The open enrollment period for 2018 coverage starts on November 1st and runs through December 31st, so mark your calendars so you don’t miss this deadline!

Use these steps to lower health insurance costs while self-employed with



  1. Hey, Carrie! I’m also self-employed, although I’m not full-time. Should I also look into applying for health insurance? I’m hoping that it won’t be mandatory, given my part-time status. Although, I suppose, it would be good to be covered in case something were to happen.

    Alex Jennings

    • Carrie says:

      Great question, Alex! If you don’t have health insurance through your job (or can’t get it) then you will likely have to go the self-employed insurance route. With Obamacare now fully in place, you will be charged a large penalty fee for every month you go without insurance coverage. Last year I paid the $200 fee, but next year it’s projected that I’ll have to pay $2,000 fee. So I suggest you look into getting coverage from either your day job or from being self-employed. You don’t want to pay the IRS more fees than you have to, right?! 🙂

  2. Helen says:

    Thank you so much for sharing this advice! There are more self-employed people these days, especially among young adults, who need this kind of help with insurance. Heck, many young people have started businesses without finishing college. I don’t think that is a bad thing, but it can be hard for a new business owner who is inexperienced with insurance or finance. I would definitely advise starting the steps that you explained here.

  3. Maryann says:

    I also recommend checking out Costco. Look on their website and see if they offer insurance in your state. Like e- site above, there are multiple choices.

  4. My husband has been self employed for years, but he is turning 26 soon and will have to find his own insurance. Thanks for the advice, it is sure to help us choose personal insurance that will work for him.
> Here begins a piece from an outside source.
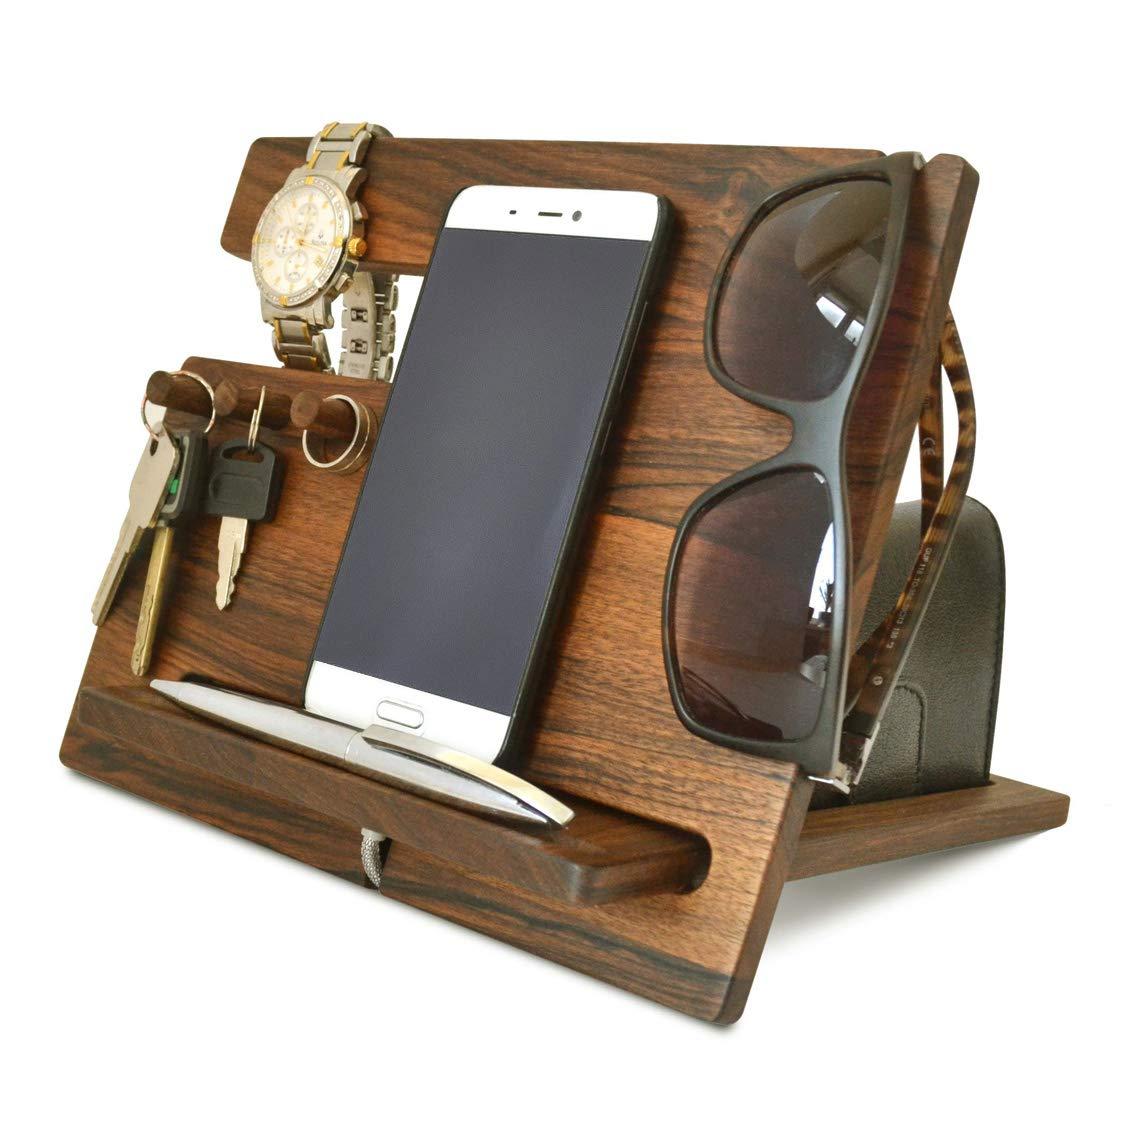 Wood Phone Docking Station, Walnut Desk Organizer, Tablet Holder, Key Hooks, Coin, Wallet, Watch Stand, Handmade Men Graduation Gift, Husband Anniversary, Dad Birthday Idea, Nightstand for Him, Gadget

I didn’t know that there are short-term plans. I will look in to the option before the next enrollment period.

  5. Thanks for the information. Thinking about health insurance is kind of overwhelming for me. It has become especially stressful in the last year since I went off my parents insurance. I learned about the penalty last year because I didn’t sign up for insurance soon enough, but I didn’t know there were life events that could exclude you from the penalty. I will be sure to look into these to see if they help me at all.

  6. James Bay says:

    I am self employed and have always found it difficult to find affordable health insurance. I had no idea you could avoid a tax penalty for all those reasons! That’s good to know in case any of that happens. Thank you so much!

  7. I didn’t realize that moving constitutes a qualifying life event. I’m planning on moving next year. I’m going to have to report it to my insurance company. On the whole, I think it would help me out with insurance breaks. What sort of insurance policy do you have?

  8. Having insurance can be very complicated but a must now days. Especially how you mention that we now have to pay a penalty if we don’t have it. I’m self employed and don’t make a lot really, but make a little too much to qualify for medicaid. I’m stuck in that weird spot where even though I make too much I still can’t afford insurance. What is the best thing to do in my situation?

  9. This is wonderful information Carrie! I’m going to share this post with my audience, as I know many self-employed entrepreneurs will appreciate the insights and find this article very helpful.

    • Carrie says:

      Glad I could help, Susan! I know how frustrating getting health insurance can be when you’re self-employed so I wanted to explain my entire process and how it works. Thanks for sharing it! Let me know if you (or your friends) have questions. I’m happy to help!

  10. Sarah says:

    Hi Carrie,
    I’m self-employed and became aware of the need to get health insurance (or pay the tax penalty) recently. My husband and I don’t want to get on an ACA plan. We are checking out another option, a Christian sharing plan called Samaritan Ministries. They are affordable ($180 for one person; $360 for two, etc.) and allow us to meet the requirement without joining an ACA plan. Just wanted to share – maybe someone else out there would benefit from this option too.